[Trennmuster] Hyphenation patterns
Werner LEMBERG
wl at gnu.org
Mi Mär 14 17:51:09 CET 2012
>> BTW, does your grammar support multiple hyphenation marks at one
>> place, this is, things like `==.'?
>
> No. Should it? when do you use it? Shouldn't it be ... in that
> case?
The idea is that it makes sense to add more information to the word
list. In particular, it requires only a small amount of additional
tagging so that the list can be used to decide whether `ſ' or `s' must
be used if the text is typeset in Fraktur.
Example: At the border of components in a compound word, no `ſ' is
used. To make this work reliably, such components are tagged with,
say, `='. However, it might still happen that this hyphenation point
is not desired, so we need `=.' to mark this. In a previous mail I've
already mentioned that `.' is actually a shorthand for `-.' (using the
current tagging characters of the German word list).

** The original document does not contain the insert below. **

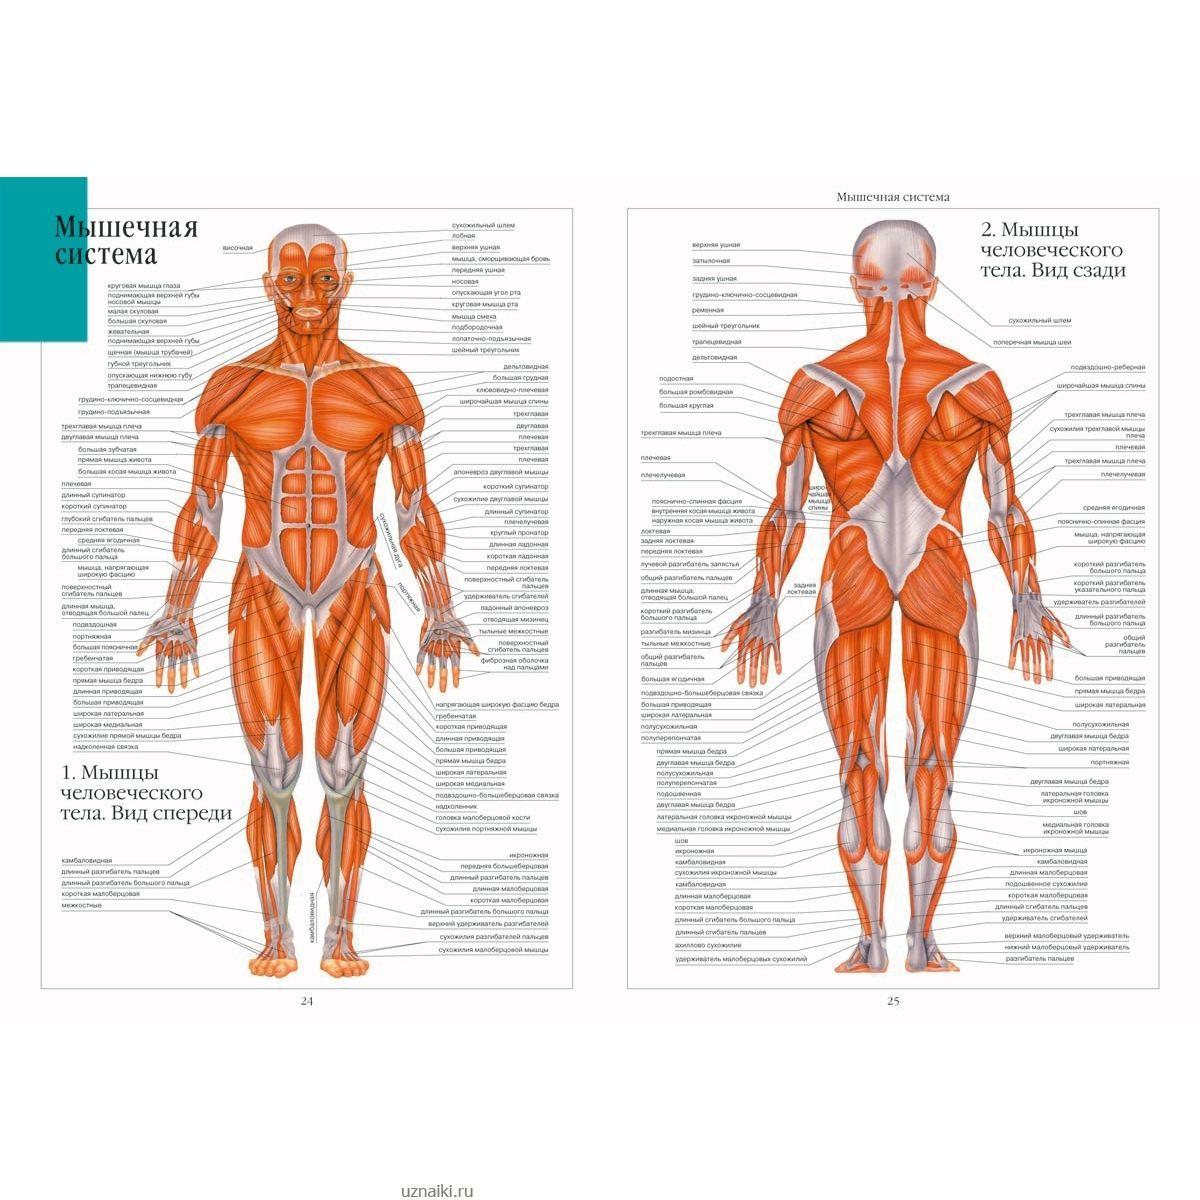 Уроки анатомии собственного тела в hd 5 фотография

So `=' and `.' belong to different classes (grammatical
vs. aesthetical), transporting different information.
>> Bra-bant % Noord-Brabant
>
> I have seen the nine comments in wortlist. These are only for the
> editors, correct?
No, these comments are for everyone, denoting special cases,
exceptions, etc.
> The thing is that most of these words in Dutch are not fully
> qualified words of their own. :( We have some very ugly combinations
> and a lot of variations.
This is of no importance to patgen.
> Sometimes they are loanwords or foreign expressions that do not
> exist outside a compound. They need a hyphenation pattern in the
> compound. Especially foreign words that would be hyphenated
> incorrectly by Dutch rules, rules extracted from Dutch words or they
> could be by accident written identically to another Dutch word with
> of course different hyphenation. Therefore we need to be able to
> explicitly provide pattern.
Hmm. Let's assume the word
foobar-baz
exists in Dutch, and `foobar' is not a stand-alone word. Why is it
problematic to have two entries `foobar' and `baz' in the word list
(with some comments to explain the origin)? Even if there might exist
valid Dutch words `fooba' and `foobarr' with a different hyphenation,
everything can coexist in the word list.
Or does the case exist that, for example, you hyphenate `foo-bar#baz',
but a standalone `foobar' would be hyphenated as `foob-ar'? I really
doubt that.
> At the moment we have about 6000 words that contain a hyphen in the
> normal form and some are used very often. These can be broken down
> into several categories. I will give you some examples.
Thanks. Could you please analyze whether there are conflicts in the
hyphenation of the components, this is, whether there are cases
`foo-bar' vs. `foob-ar' as outlined above?
> Another one is
>
> zwart-wittelevisie;zwart#wit==te-le-vi-sie
>
> which means black-and-white television, also 'wittelevisie' is not a
> Dutch word. Here == has higher prio as #
Hmm. Looking this up with google, I can only find
zwart-witte televisie
The word `zwart-wittetelevisie' has *not a single* hit! Is this
really a correct entry?
> I think ~ is a good one.
I like it too, but it is probably a bit too similar to `-'.